* **EXERCISE**: Your job is to print, exactly, the lines in the data below from the line with "Venum Kontact Slip-On" through the line with "Justice League Dark Wallpapers", both included, and to omit any picture.
(RECORDED DATA Opens)
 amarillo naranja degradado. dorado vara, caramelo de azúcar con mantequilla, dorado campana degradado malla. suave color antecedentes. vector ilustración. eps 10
(RECORDED DATA Closes)
(RECORDED DATA Opens)
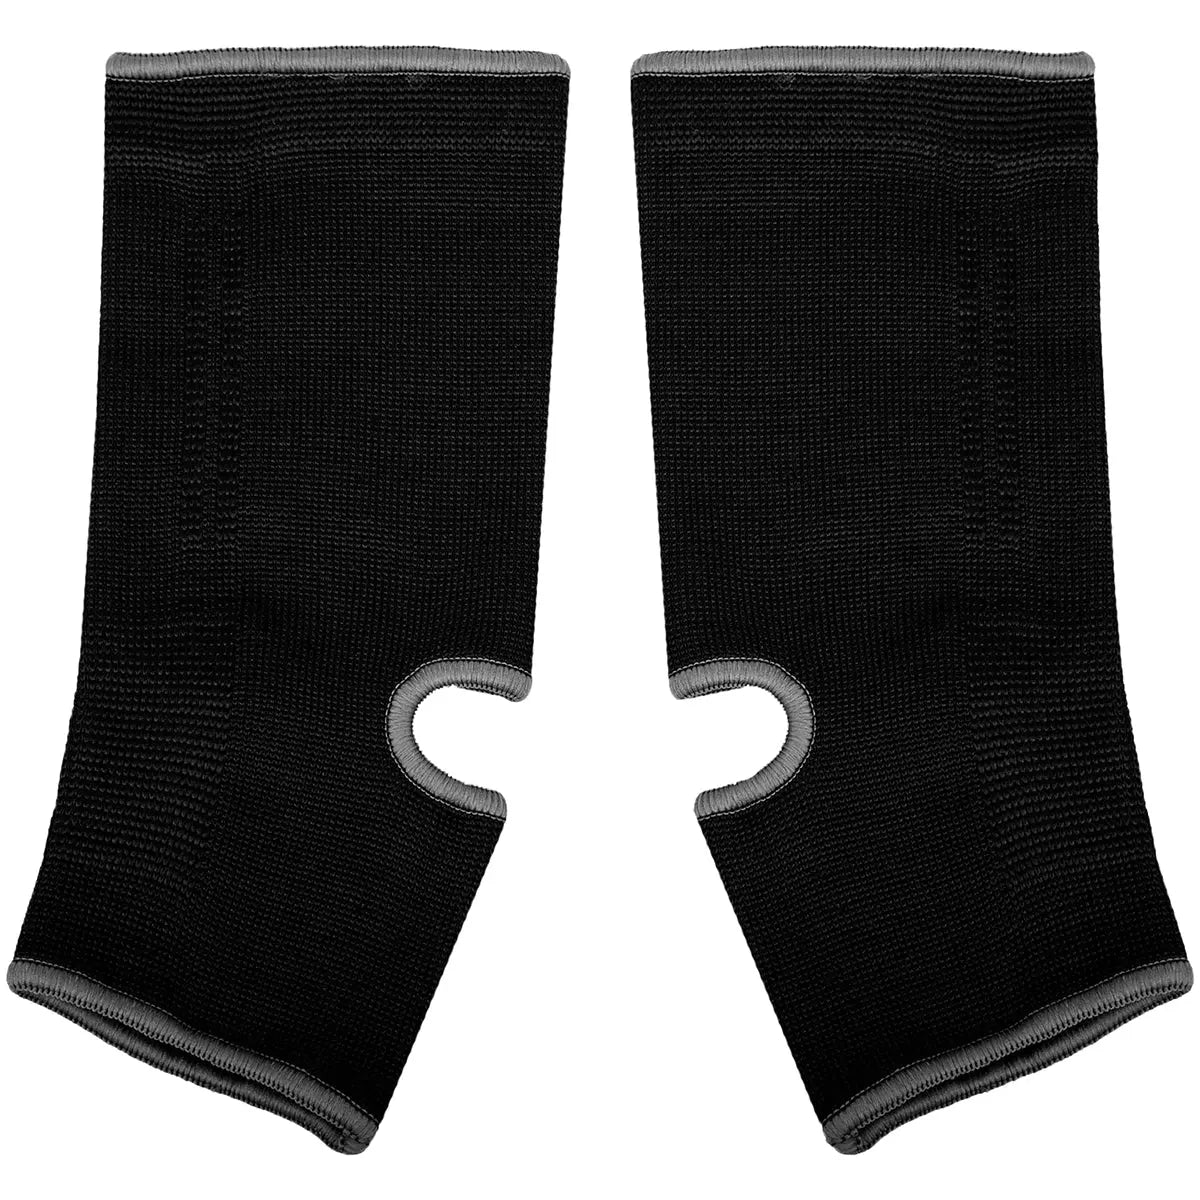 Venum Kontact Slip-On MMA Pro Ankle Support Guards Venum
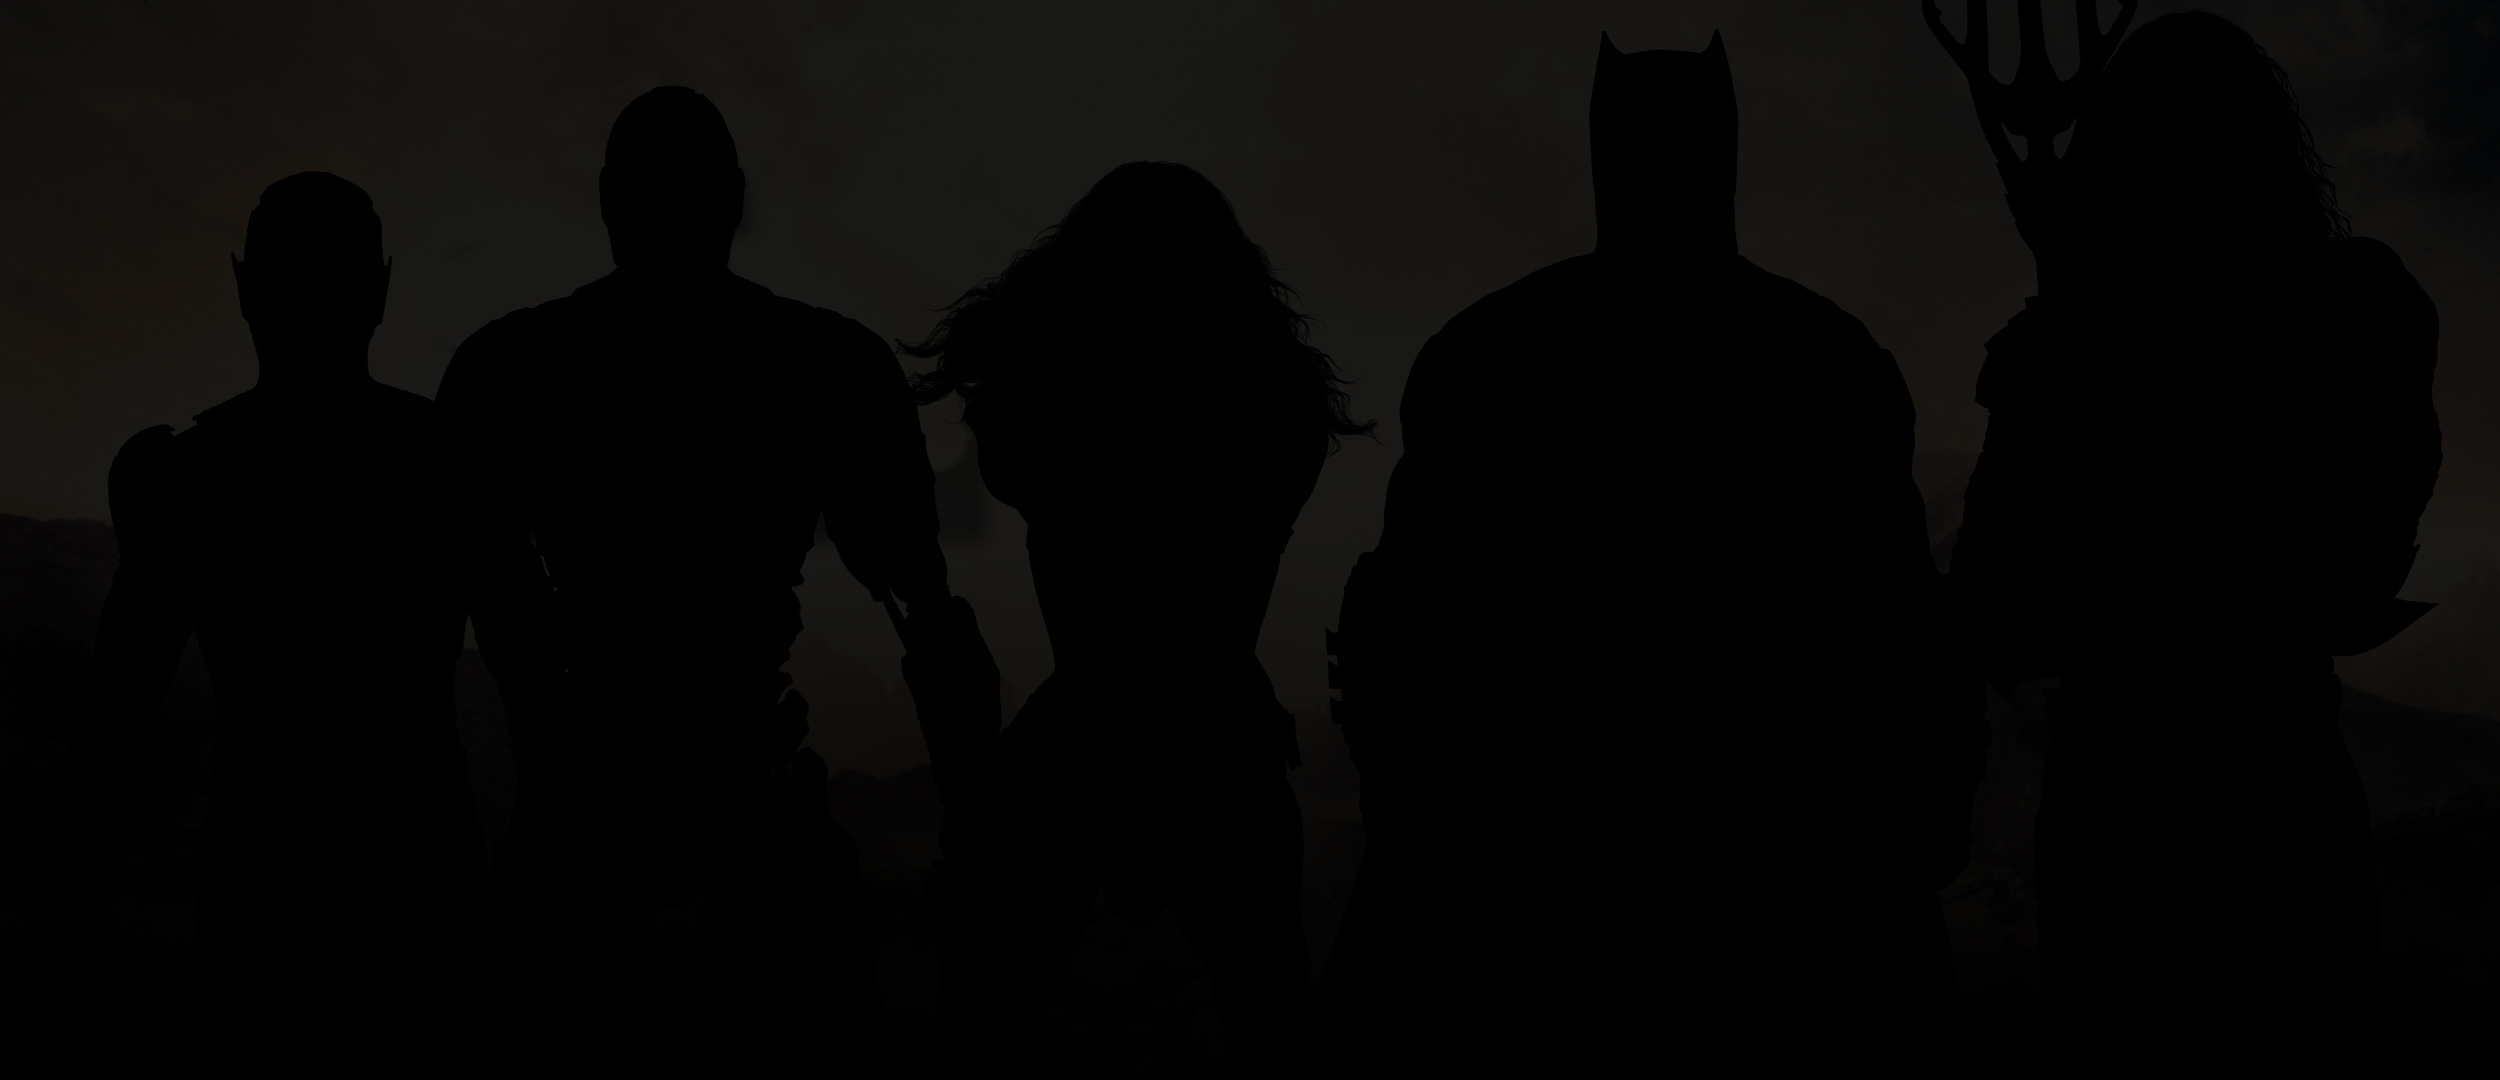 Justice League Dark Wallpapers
(RECORDED DATA Closes)
(RECORDED DATA Opens)
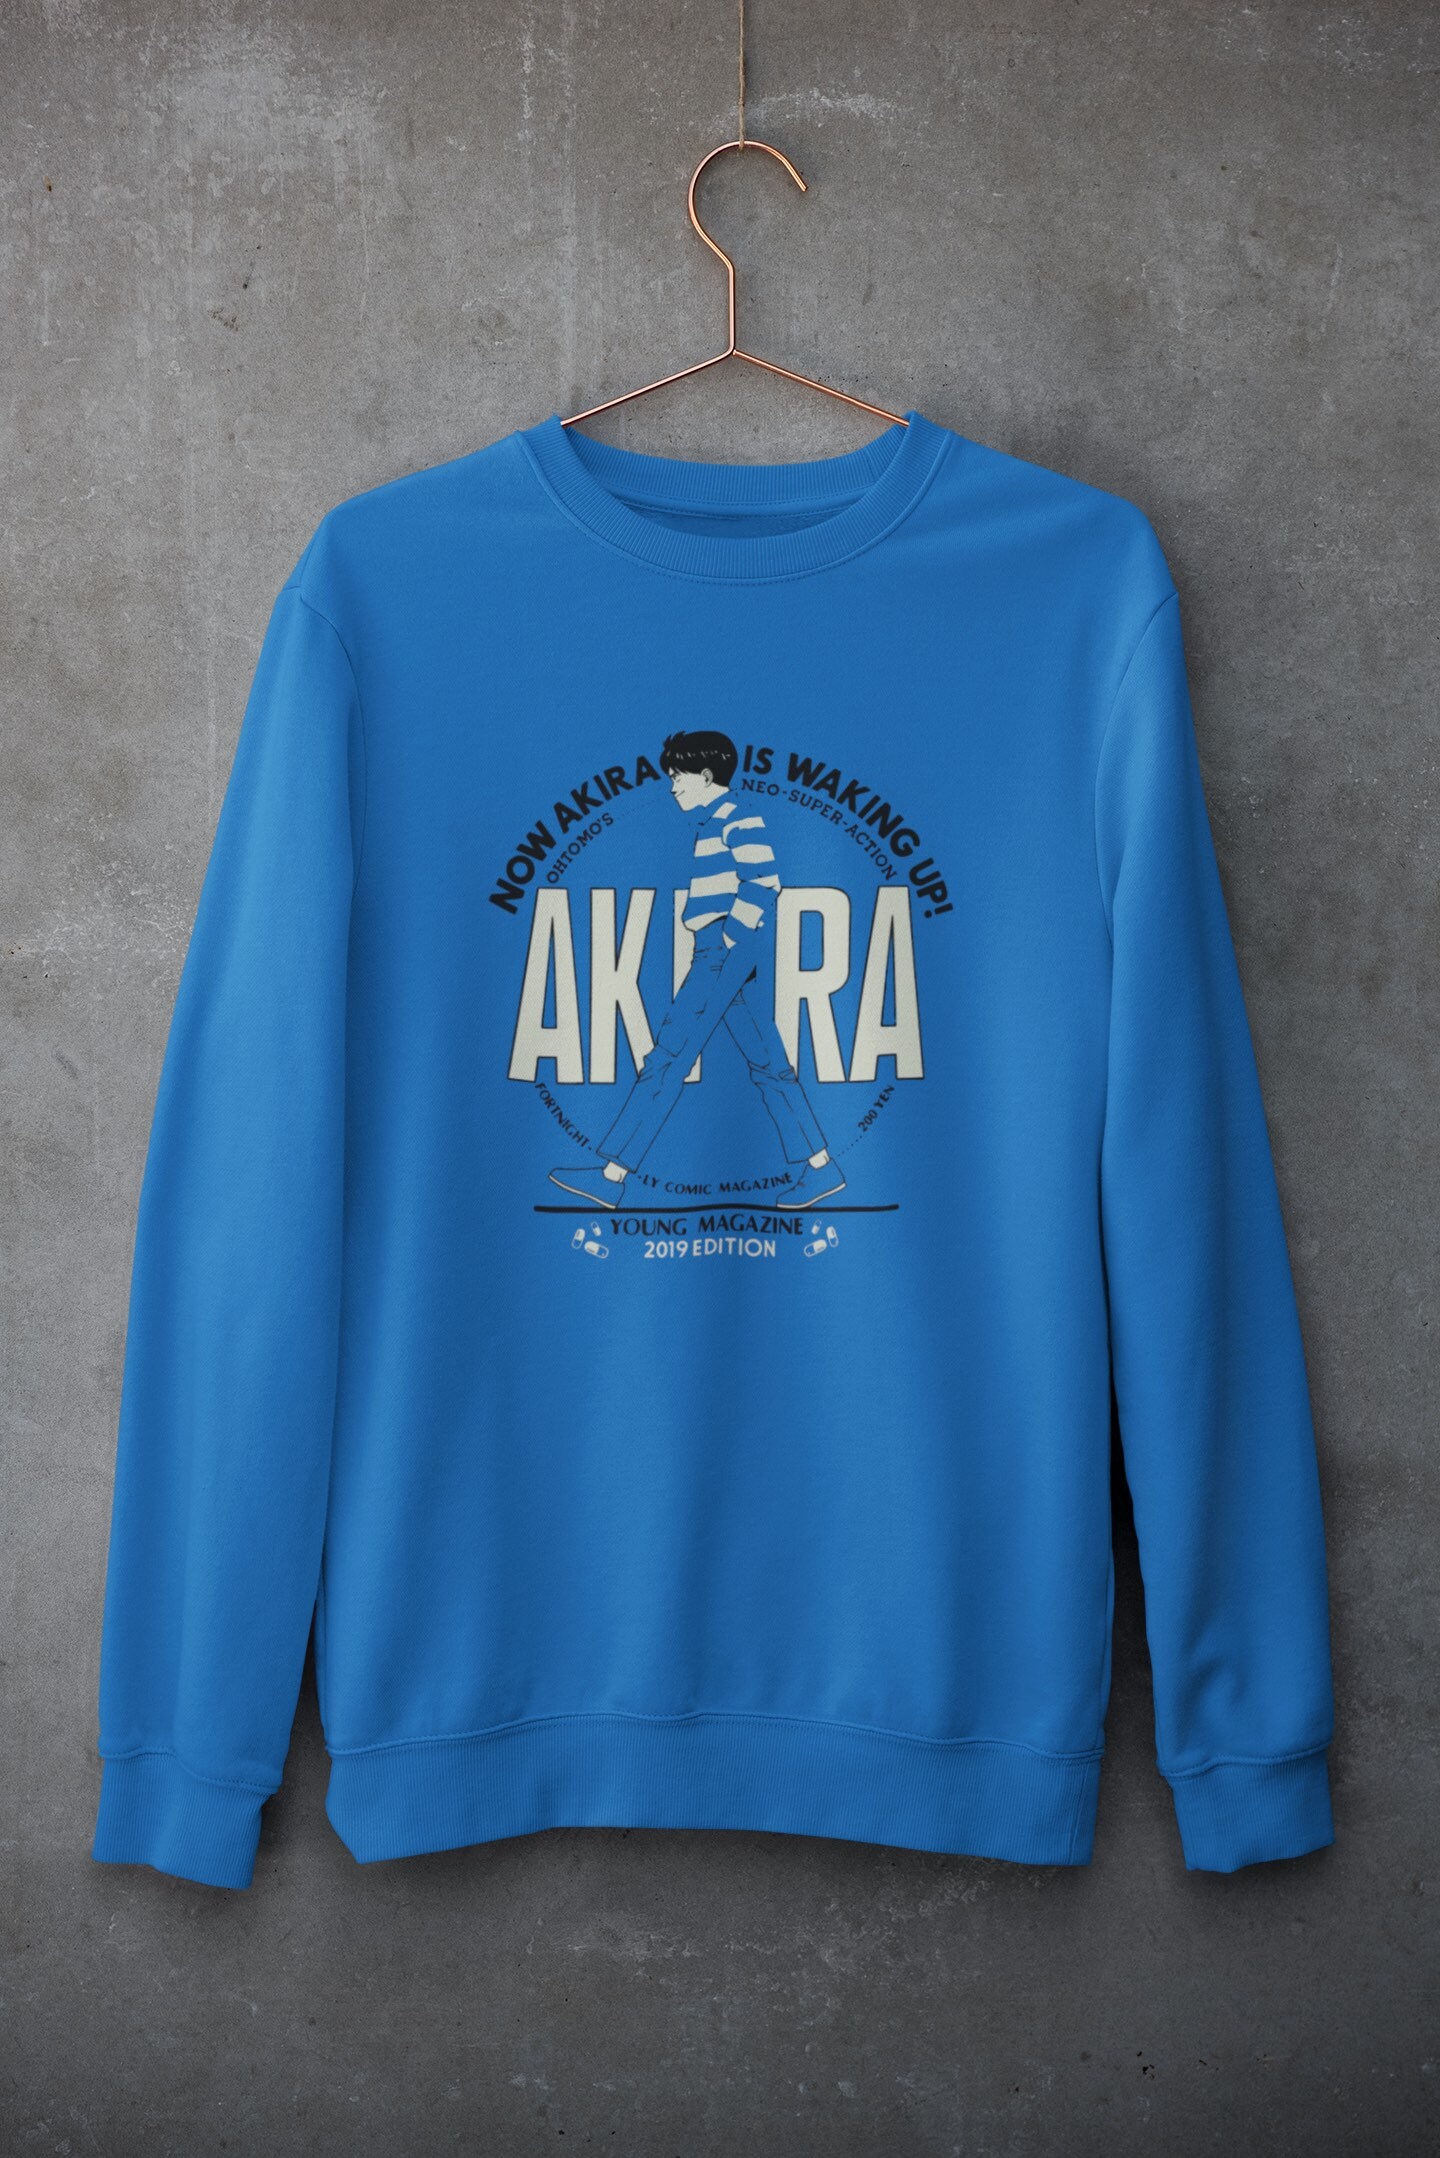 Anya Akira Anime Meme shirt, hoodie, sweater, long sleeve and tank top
(RECORDED DATA Closes)
* **WRITTEN ANSWER**:
 Venum Kontact Slip-On MMA Pro Ankle Support Guards Venum
 Justice League Dark Wallpapers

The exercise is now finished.